The sticking point was whether that belief – that the first data protection principle should be disapplied here – was reasonable. Answer: as regards the decision not to obtain consent, yes, this was reasonable (as I say above, TVP getting up-front consent would have involved it telling mothers of the risk of stillbirth). But as regards transparency and thus fairness, the answer was no. It was unreasonable to believe that those requirements could not be met compatibly with TVP’s journalistic purposes. See paragraph 27:

“Although it was not possible to obtain effective consent, let alone explicit consent, the use of hand held cameras would at least have made every mother aware that they were being filmed and their voices recorded. This would be more demanding of staff time and so more expensive, but it would have prevented the collection and retention of data without a mother being aware that it was taking place….”

TVP had also gone wrong in focusing only on the recorded data it would end up broadcasting, and overlooking the recordings it made that were deleted without being used further. See paragraph 28:

“It is a mistake to concentrate on the data that would be used in Child of Mine without also taking into account the comparatively much larger amount of the data – the overwhelming majority it – that would never be used. This was where Mr Woods’ thinking went wrong, because he did not realise that he was processing data that would not be used. He saw that data as incidental. He was right that it was incidental to his project, but it was not incidental to the Data Protection Act.”

So the ICO was right to find that there was a serious contravention, and it was entitled to issue a MPN. But Judge Jacobs slashed the penalty from £120k to £20k. Note that, having considered TVP’s case before the Tribunal, the ICO itself supported a significant reduction along these lines.

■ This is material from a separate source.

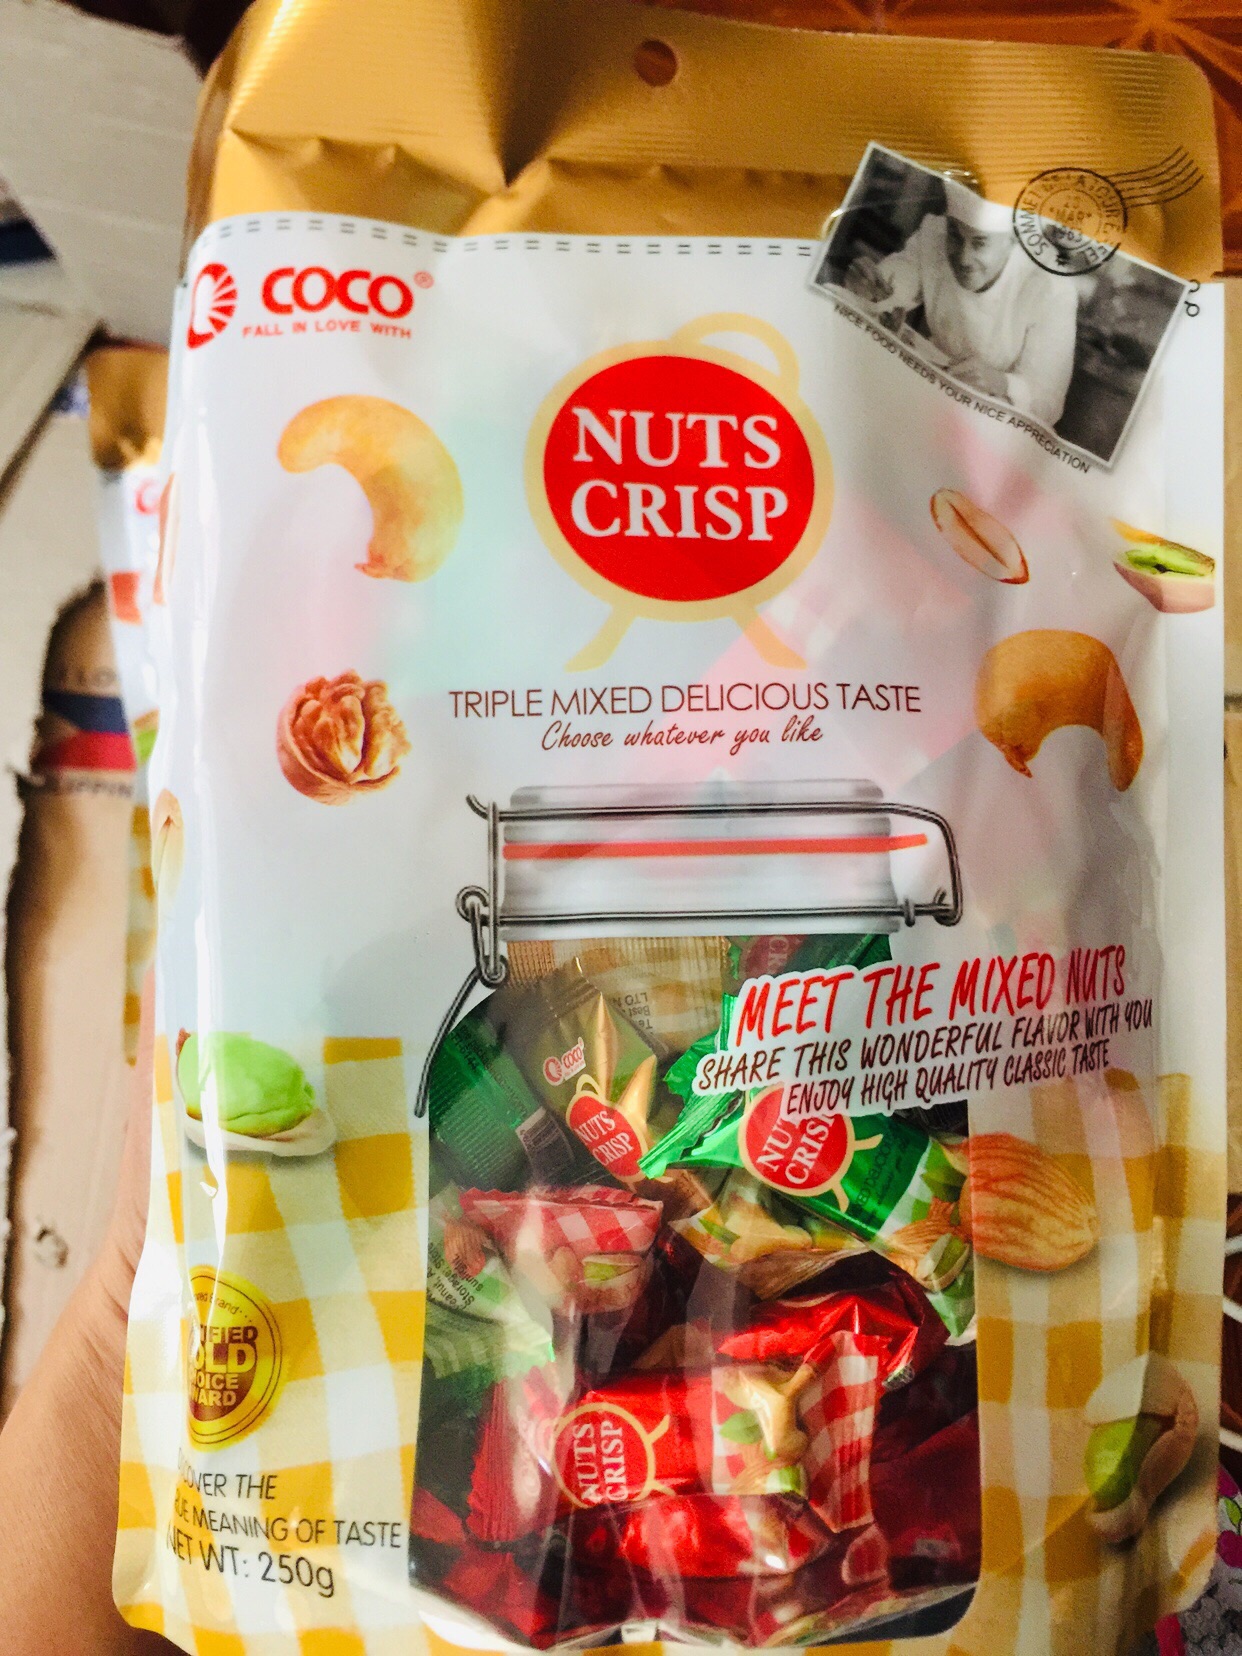 Coco nuts crisp
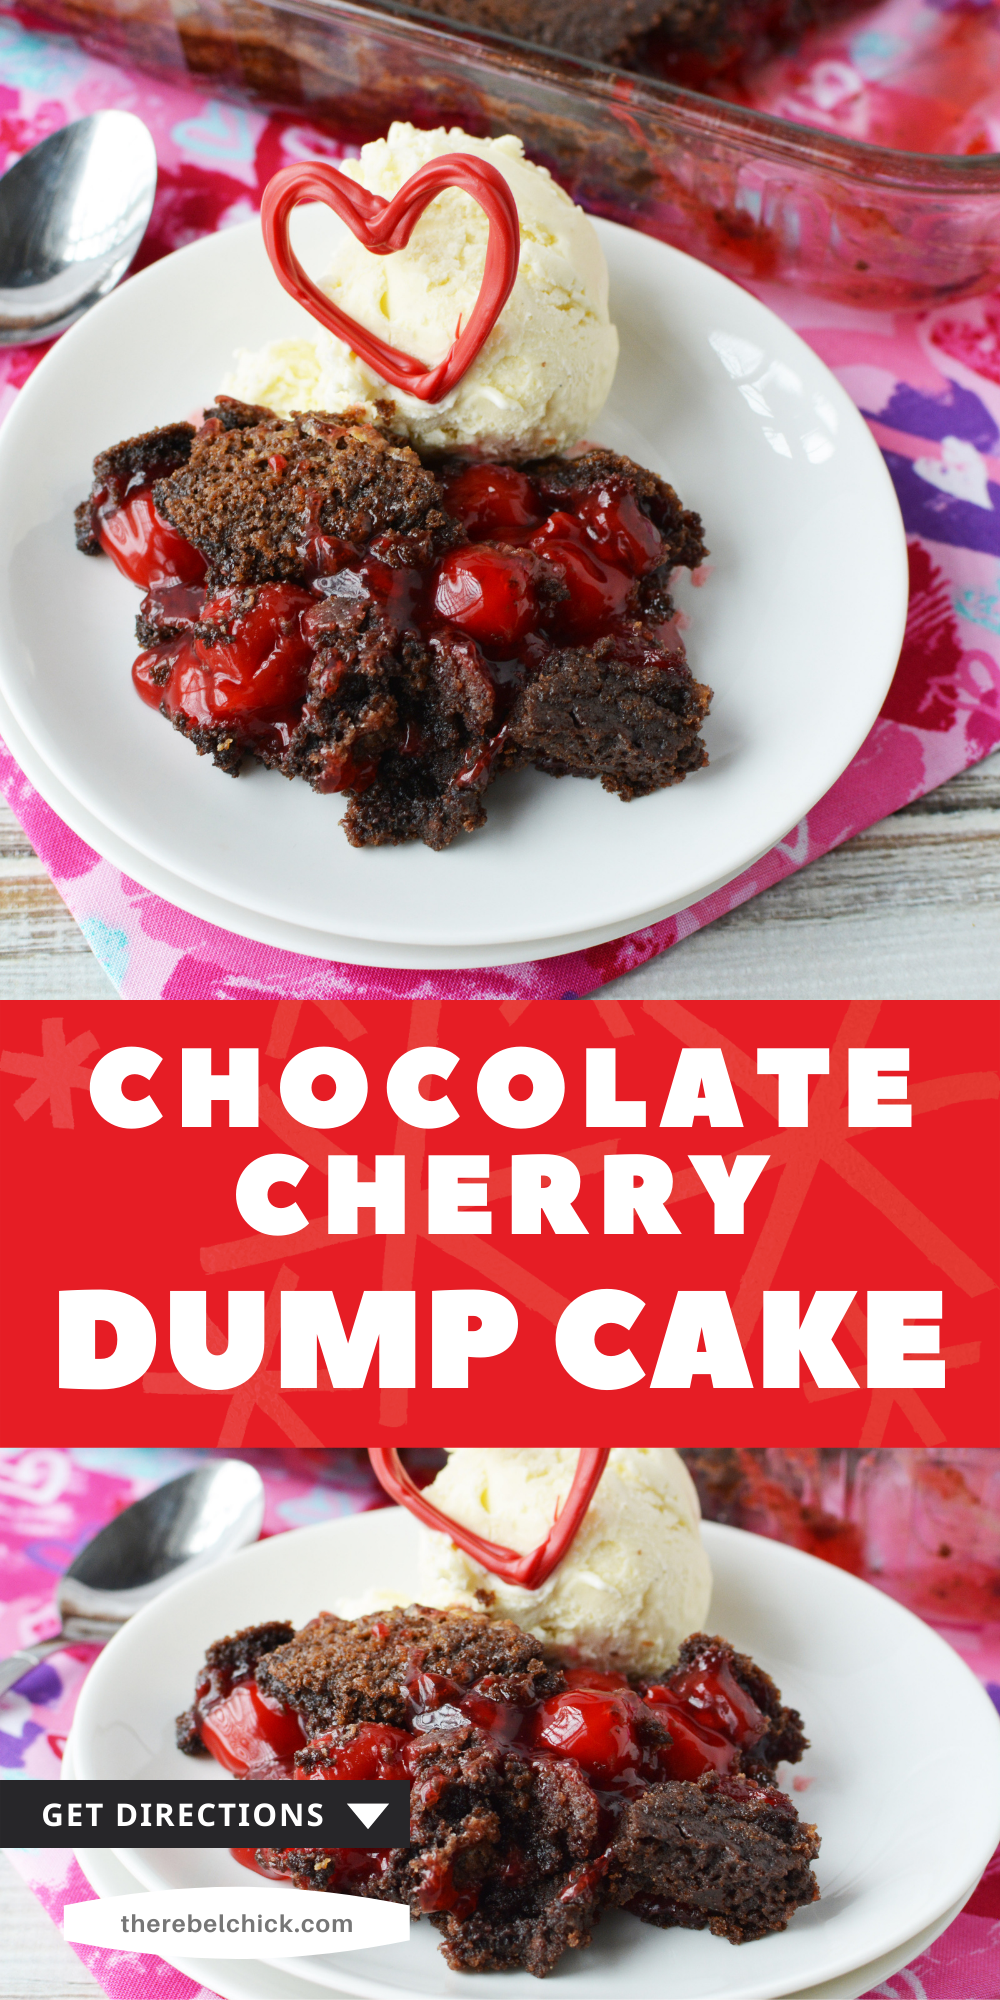 Chocolate Dump Cake with Cherries Recipe

If you want the checklist of considerations that got Judge Jacobs there, see paragraph 33. Those include: non-deliberate breach (though ignorance of data protection did not reflect well on TVP), a general approach that focused on privacy rights, and the fact that “the sort of breach involved in this case does not justify putting a company out of business”. Note as regards financial impact of the MPN: focus on the controller (TVP) not the individual owner who earned his living through it; “generally speaking the impact of a penalty should be judged on the company’s current financial position”.

Finally, given that this was novel stuff – journalistic exemption in a MPN context – the ICO invited Judge Jacobs to give some guidance. But Judge Jacobs famously hates this sort of thing. See paragraph 34:

“Mr Knight told me that ‘this appeal is an unusual one, and of course the Commissioner will welcome any guidance that the Tribunal gives as to the approach to section 32 in your decision.’ She will, I fear, be disappointed. I have said repeatedly in the Upper Tribunal that decisions of the First-tier Tribunal do not bind that tribunal or the Commissioner; the decisions are binding only on the parties to a particular case. I am not going to commit the error of disregarding my own decisions…”

One imagines the ICO – and Mr Knight – already understood that, and was asking Judge Jacobs for helpful soft guidance rather than to make radiate pronouncements out across the data protection landscape. But there you go.

And yes, that is the Mr Knight, Panopticon supremo.